[Problem requirements] From the listing that follows, extract every line and set it down unaltered.

[Records for the exercise]
_ _ _ _ _ _ _

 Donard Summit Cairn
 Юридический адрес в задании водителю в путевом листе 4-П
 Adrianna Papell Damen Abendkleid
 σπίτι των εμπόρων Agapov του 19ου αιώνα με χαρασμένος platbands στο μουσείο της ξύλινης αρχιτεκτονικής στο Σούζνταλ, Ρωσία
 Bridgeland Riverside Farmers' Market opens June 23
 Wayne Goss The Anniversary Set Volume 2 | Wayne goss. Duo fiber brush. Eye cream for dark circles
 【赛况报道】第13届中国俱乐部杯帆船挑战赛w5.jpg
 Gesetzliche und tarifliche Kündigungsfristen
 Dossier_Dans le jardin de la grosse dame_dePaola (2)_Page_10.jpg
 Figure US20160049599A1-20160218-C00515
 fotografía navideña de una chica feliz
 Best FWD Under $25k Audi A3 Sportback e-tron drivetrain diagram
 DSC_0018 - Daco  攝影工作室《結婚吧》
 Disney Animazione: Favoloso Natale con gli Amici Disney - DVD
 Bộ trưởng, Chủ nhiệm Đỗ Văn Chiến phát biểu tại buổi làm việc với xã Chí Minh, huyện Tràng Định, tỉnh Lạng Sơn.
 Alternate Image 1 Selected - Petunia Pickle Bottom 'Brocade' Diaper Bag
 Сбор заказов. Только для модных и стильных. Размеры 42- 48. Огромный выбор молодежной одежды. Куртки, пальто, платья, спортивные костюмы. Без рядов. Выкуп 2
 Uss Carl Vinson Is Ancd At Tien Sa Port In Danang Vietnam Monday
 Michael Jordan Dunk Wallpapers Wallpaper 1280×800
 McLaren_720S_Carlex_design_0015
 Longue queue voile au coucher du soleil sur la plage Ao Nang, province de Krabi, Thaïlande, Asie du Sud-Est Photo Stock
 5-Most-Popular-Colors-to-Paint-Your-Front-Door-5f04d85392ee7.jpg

_ _ _ _ _ _ _

[Task solution]
 Donard Summit Cairn
 Юридический адрес в задании водителю в путевом листе 4-П
 Adrianna Papell Damen Abendkleid
 σπίτι των εμπόρων Agapov του 19ου αιώνα με χαρασμένος platbands στο μουσείο της ξύλινης αρχιτεκτονικής στο Σούζνταλ, Ρωσία
 Bridgeland Riverside Farmers' Market opens June 23
 Wayne Goss The Anniversary Set Volume 2 | Wayne goss. Duo fiber brush. Eye cream for dark circles
 【赛况报道】第13届中国俱乐部杯帆船挑战赛w5.jpg
 Gesetzliche und tarifliche Kündigungsfristen
 Dossier_Dans le jardin de la grosse dame_dePaola (2)_Page_10.jpg
 Figure US20160049599A1-20160218-C00515
 fotografía navideña de una chica feliz
 Best FWD Under $25k Audi A3 Sportback e-tron drivetrain diagram
 DSC_0018 - Daco  攝影工作室《結婚吧》
 Disney Animazione: Favoloso Natale con gli Amici Disney - DVD
 Bộ trưởng, Chủ nhiệm Đỗ Văn Chiến phát biểu tại buổi làm việc với xã Chí Minh, huyện Tràng Định, tỉnh Lạng Sơn.
 Alternate Image 1 Selected - Petunia Pickle Bottom 'Brocade' Diaper Bag
 Сбор заказов. Только для модных и стильных. Размеры 42- 48. Огромный выбор молодежной одежды. Куртки, пальто, платья, спортивные костюмы. Без рядов. Выкуп 2
 Uss Carl Vinson Is Ancd At Tien Sa Port In Danang Vietnam Monday
 Michael Jordan Dunk Wallpapers Wallpaper 1280×800
 McLaren_720S_Carlex_design_0015
 Longue queue voile au coucher du soleil sur la plage Ao Nang, province de Krabi, Thaïlande, Asie du Sud-Est Photo Stock
 5-Most-Popular-Colors-to-Paint-Your-Front-Door-5f04d85392ee7.jpg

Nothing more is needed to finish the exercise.